Tuesday, May 10, 2016

Bike Businesses in the News Underscore Weakness in Green Certification

Did you see the Sunday article about South Salem Cycleworks in the Business section of the paper? It doesn't seem to be online.

The piece is also in some ways advertorial for the County's "Earthwise" certification program:
Just the fact that bike shops promote bicycling is enough to call them "green."

But South Salem Cycleworks gives new meaning to the term "earth-friendly business" with the dozens of ways it recycles, reuses, and reduces its environmental footprint.

The business has been Earthwise certified since 2014, although owner Michael Wolfe has been making the environment a priority since the shop opened in 1991.
South Salem Cycleworks also won "Recycler of the Year" at the Green Awards in 2015, and you might recall a profile of Wolfe back in 2013, which also highlighted much of the greenery.

Northwest HUB "Green Service of the Year," 2016
This year at the Green Awards, another bike shop, the Northwest HUB, won "Green Service of the Year."

There's a substantial love for the bikes and those to provide and service them!

But the Salem Airport is also an Earthwise certified entity. And an airport ipso facto is profoundly harmful and not at all green.

You may remember a paper last year that argued climate scientists should cease air travel. Conferences are fun - but at what cost?
To meet international climate goals, aviation emissions must fall dramatically. Technological fixes won’t get us there — the bulk of the necessary cuts will need to come from a reduction in the number of flights.
Greenhouse gas by sector
via Oregon Global Warming Commission
In Oregon transportation accounts for around a quarter of greenhouse gas emissions, and yet even though these two bike businesses have been recognized, transportation in general is barely accounted for in programs like Earthwise. Transportation is a throw-away check-off in "Above and Beyond," the ninth set of questions and a coda at the end of a preliminary assessment for Earthwise certification. Even the headline, "Reduce, Reuse, Recycle...and Ride" makes it a coda.

Earthwise sample preliminary assessment
Transportation is regarded as an extra, a frill, a non-essential component in being sustainable. It's not structurally considered part of sustainability. Four automotive companies, including one large car dealership group, are in fact Earthwise certified.

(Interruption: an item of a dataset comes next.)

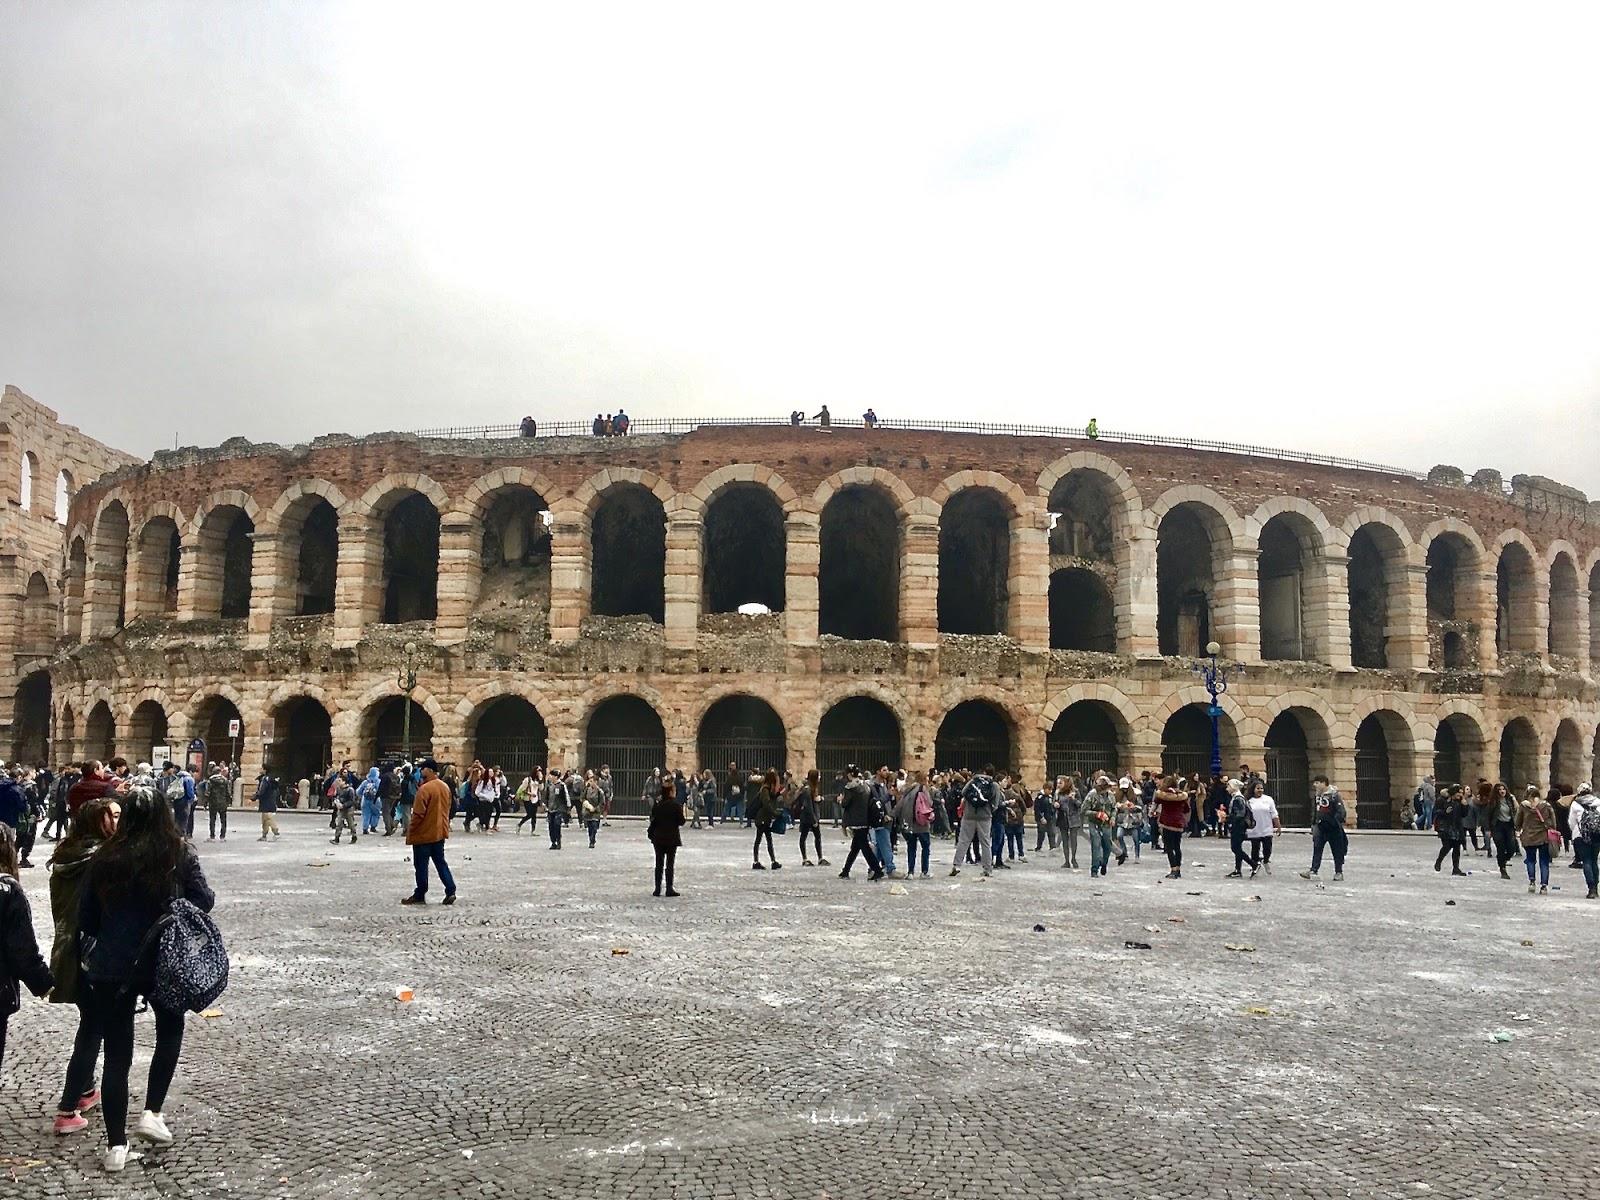 verona italy amphitheatre peexo travel blog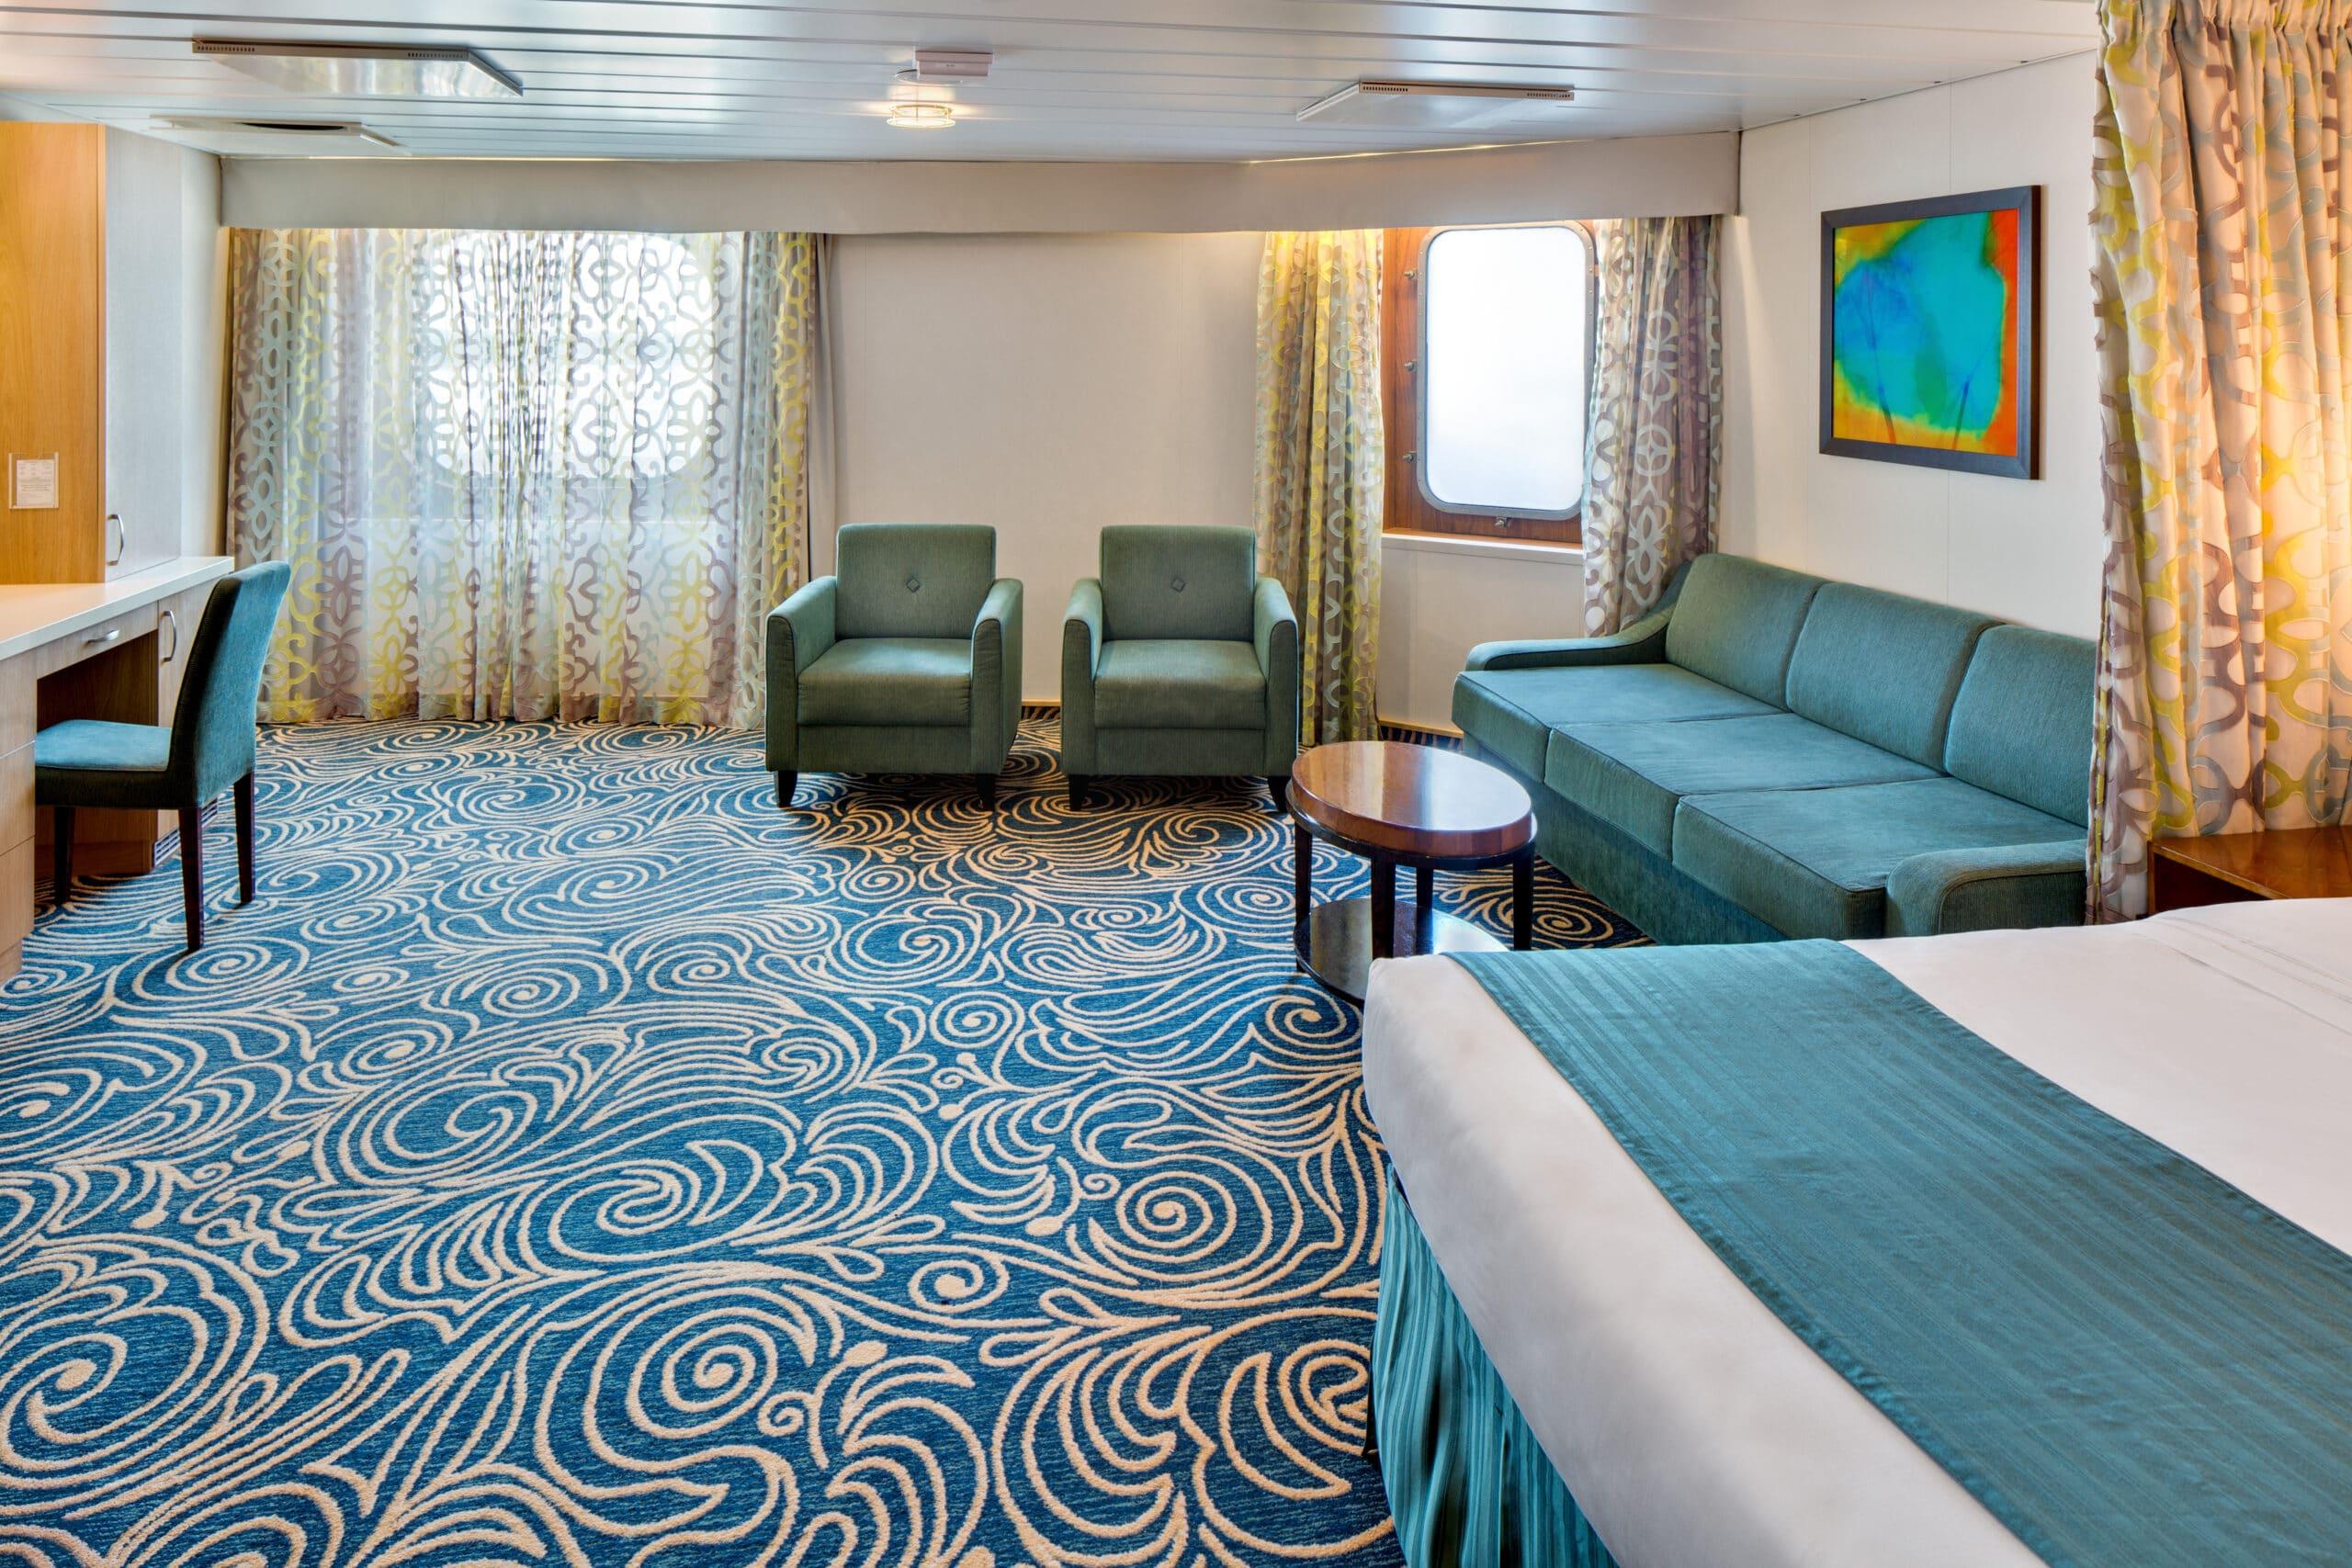 Royal-Caribbean-International-Vision-of-the-Seas-schip-cruiseschip-categorie-VO-Ocean-Suite

East of Kuebler, the Mill Creek Corporate Center
and Salem Renewable Energy and Techology Center
 are remote from anything except the interstate.
Greenwash - via
Portland Mercury
One of the next steps for programs like Earthwise will be to fold transportation and land use into their analyses of sustainability. Even if you recycle the hell out of everything, if you locate a new business on the edge of the city in new construction with a huge parking lot and force everyone to make drive-alone trips to it, and driving trips for lunch or break-time errands, how can that be considered sustainable? Our "Salem Renewable Energy and Technology Center" is founded upon an internal contradiction, and programming like Earthwise needs to develop a critique or assessment of this.

There are almost certainly other full lifecycle factors that are elided or externalized in the way we assess and certify companies as "green." Reusing an old building, for example, is generally much greener than new LEED certified construction. (The conversation here and here about LEED, Passive House, and Minergie certification is interesting on the gaps in each.)

It is, of course, that old conundrum -  Carrot or stick? Encouragement or enforcement? In late antiquity, and in a way that is really archetypal, it is Augustine's dispute with Pelagius, whether membership should be inclusive for everybody, including the biggest screw-ups who are encouraged to do better, or should be exclusive only for the perfect? (Don't let the perfect be the enemy of the good, and all that.)

But as long as we treat businesses as boxes that can be plopped down anywhere and we limit our analysis of sustainability to the internal processes of things inside that box, focusing on "reduce, reuse, and recycle [things]," and don't look at the external processes and movements of things outside that box, we will be limited in our ability to model more accurately the structural changes that are necessary to real sustainability.

The bike businesses are not just quirky additions for local color and charm. They are actually modeling some of the deepest and most thorough-going expressions of sustainability we currently have.